In 1958, the first Whisky a Go Go in the United States opened in Chicago, Illinois, on the corner of Rush and Chestnut streets. It has been called the first real American discothèque. A franchise was opened in 1966 on M Street in the Georgetown section of Washington, D.C., by restaurateur Jacques Vivien.
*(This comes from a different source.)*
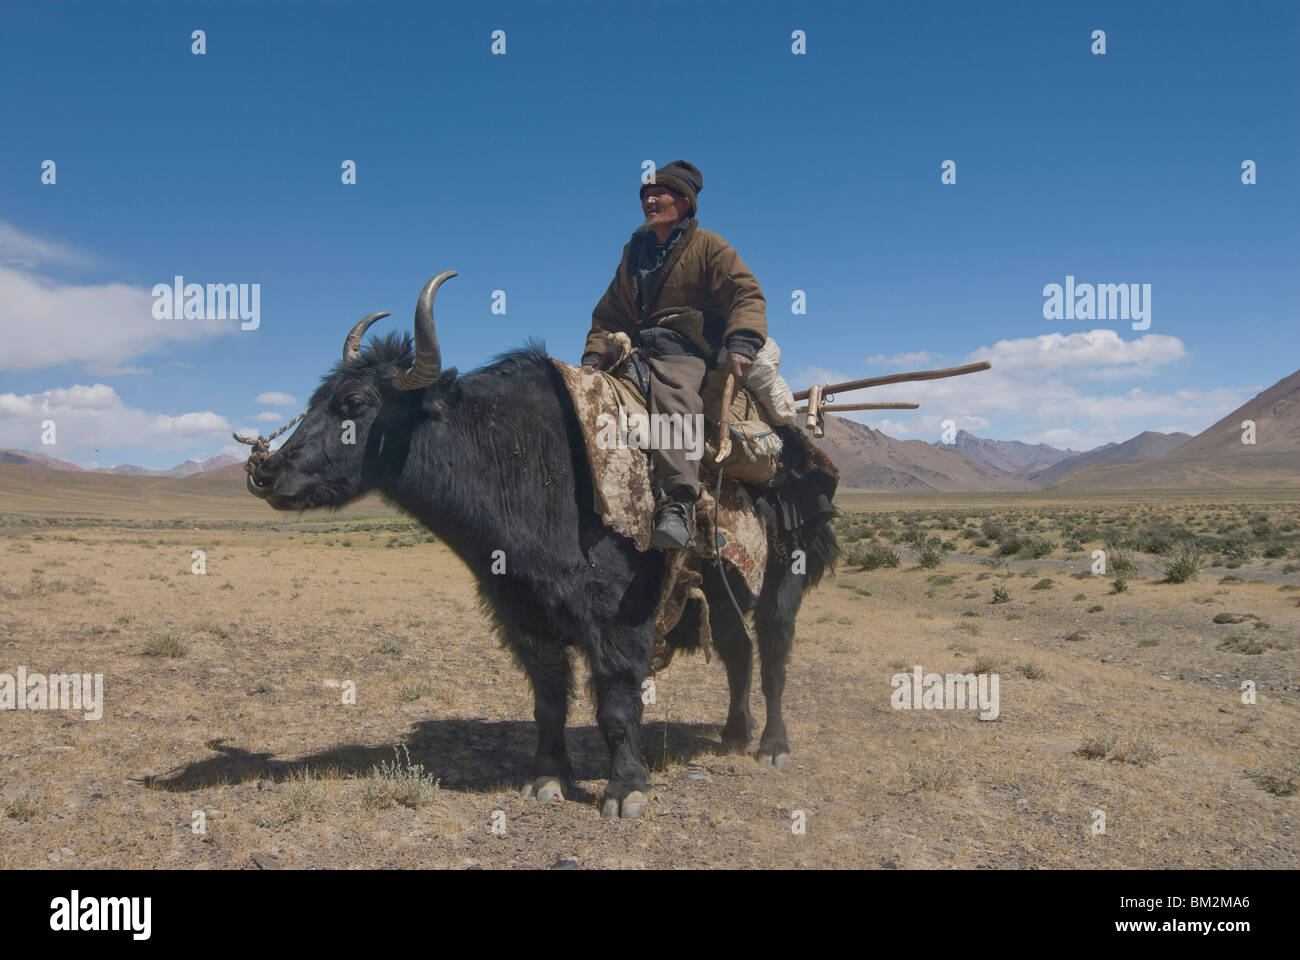 El viejo caballo sobre su yak, el Pamir, Tayikistán Foto de stock
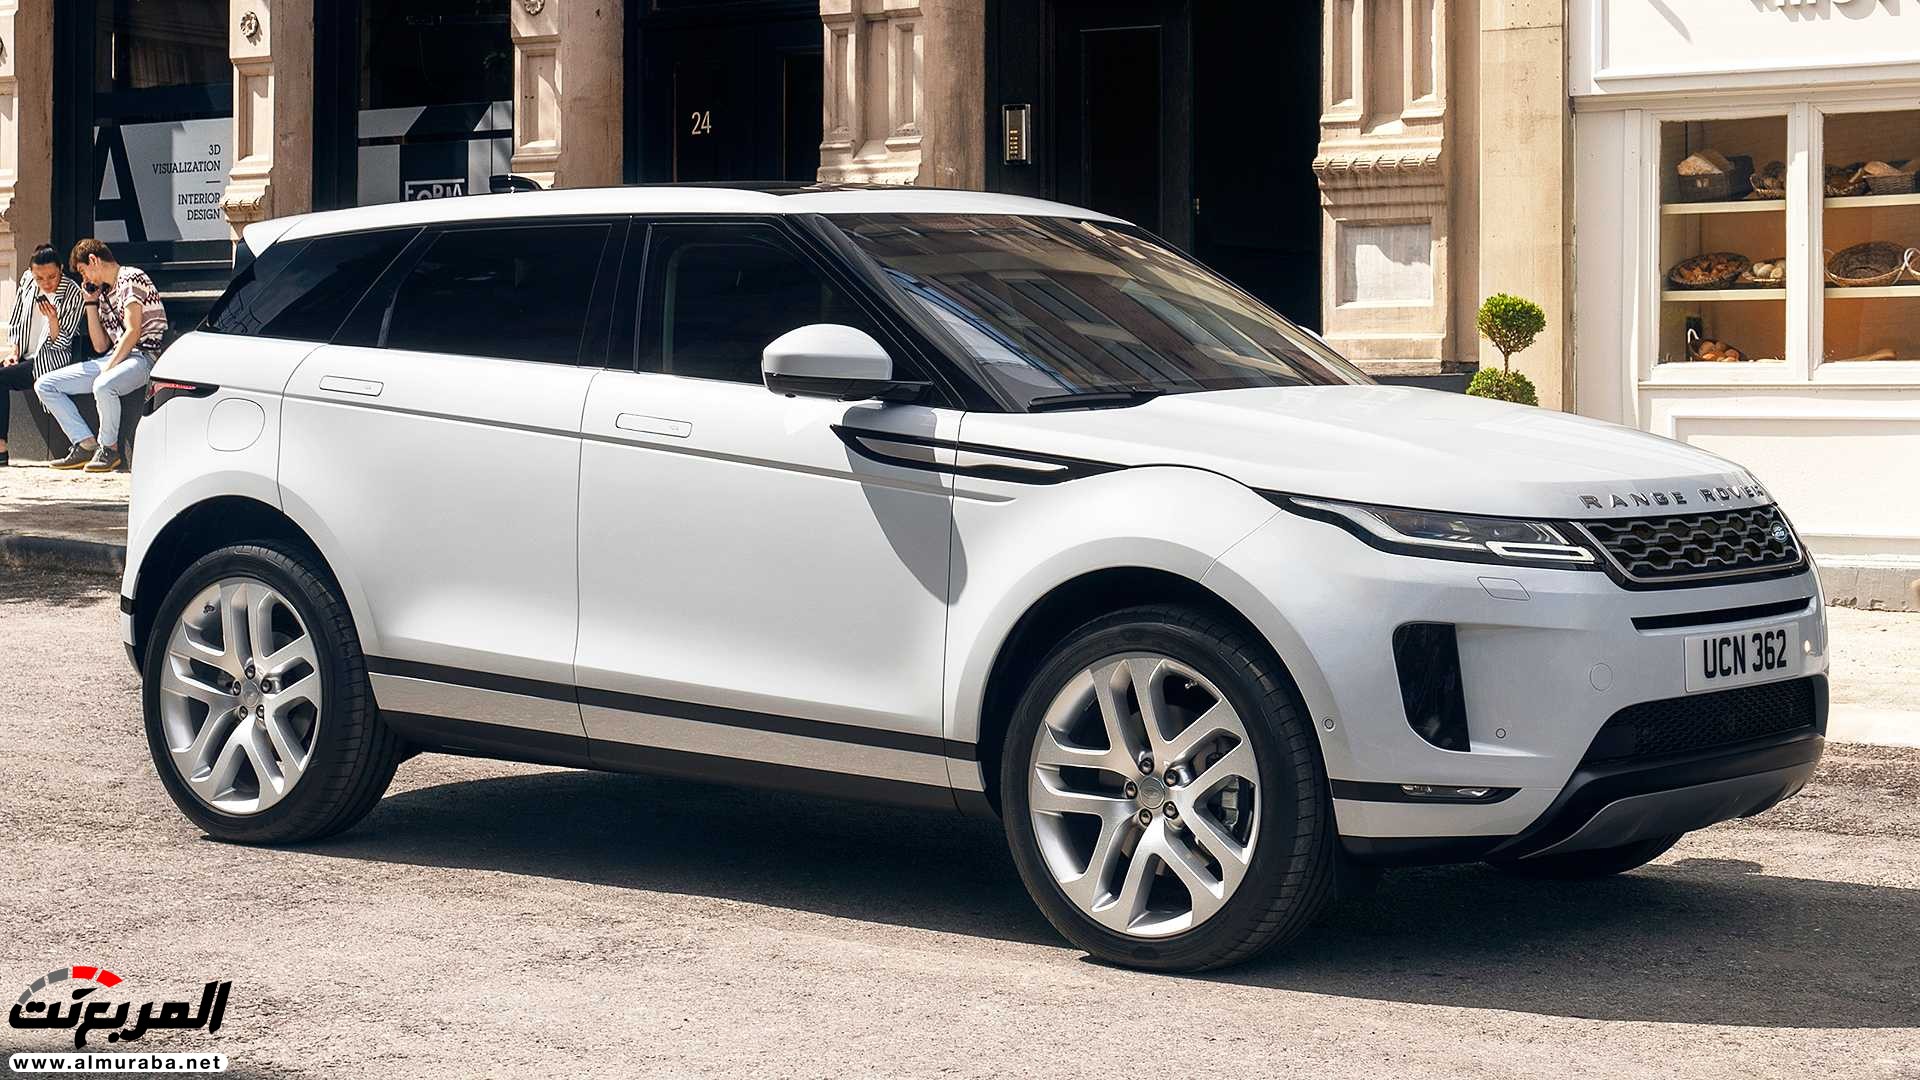 اهم 7 معلومات عن رنج روفر ايفوك 2020 الجديدة كلياً Range Rover Evoque 378

It owes its name to the first discothèque, the Whisky à Gogo, (à gogo, meaning, in French, "in abundance", "galore"), established in Paris in 1947 by Paul Pacini (d. 2017), which itself took the name from the movie Whisky Galore! based on the British novel Whisky Galore which was released in France as Whisky a Gogo.

The Sunset Strip Whisky was founded by Elmer Valentine, Phil Tanzini, Shelly Davis, and attorney Theodore Flier and opened on January 16, 1964. In 1966, Valentine, Lou Adler, and others founded The Roxy Theatre. In 1972, Valentine, Adler, Mario Maglieri and others started the Rainbow Bar & Grill on the Sunset Strip. Lou Adler bought into the Whisky in the late 1970s. Valentine sold his interest in the Whisky a Go Go in the 1990s but retained an ownership in the Rainbow Bar & Grill and the Roxy Theatre until his death in December 2008.

Although the club was billed as a discothèque, suggesting that it offered only recorded music, the Whisky a Go Go opened with a live band led by Johnny Rivers and DJ Rhonda Lane, spinning records between sets from a suspended cage at the right of the stage. Shortly after opening, the club began booking live rock groups upon suggestion from their publicist, Ronnie Haran. Haran eventually hired The Doors as the Whisky house band, where they performed seven nights a week. In September 1969, the group Gypsy took over as the house band at the club until April 1971.

Early Whisky matchbox. Note the alphanumeric phone number and French style.

The Whisky a Go Go was one of the places that popularized go-go dancing. Elmer Valentine, in a 2006 Vanity Fair article, recalled arranging to have a female DJ play records between Rivers' sets so patrons could continue dancing. But because there was not enough room on the floor for a DJ booth, he had a glass-walled booth mounted high above the floor. A contest was held for the female DJ job but when the young winner called Valentine on the night of the opening and tearfully said her mother forbade her from doing it, Valentine recruited the club's cigarette girl, Patty Brockhurst. Valentine quickly hired two more female dancers, one of whom, Joanna Labean, designed the official go-go-girl costume of fringed dress and white boots.

Rivers rode the Whisky-born go-go craze to national fame with records recorded partly Live at the Whisky. In addition, The Miracles recorded the song "Going to a Go-Go" in 1966 (which was covered in 1982 by The Rolling Stones), and Whisky a Go Go franchises sprang up all over the country. Arguably, the rock and roll scene in Los Angeles was born when the Whisky started operation; because of its status as a historic music landmark, the venue was inducted into the Rock and Roll Hall of Fame in 2006.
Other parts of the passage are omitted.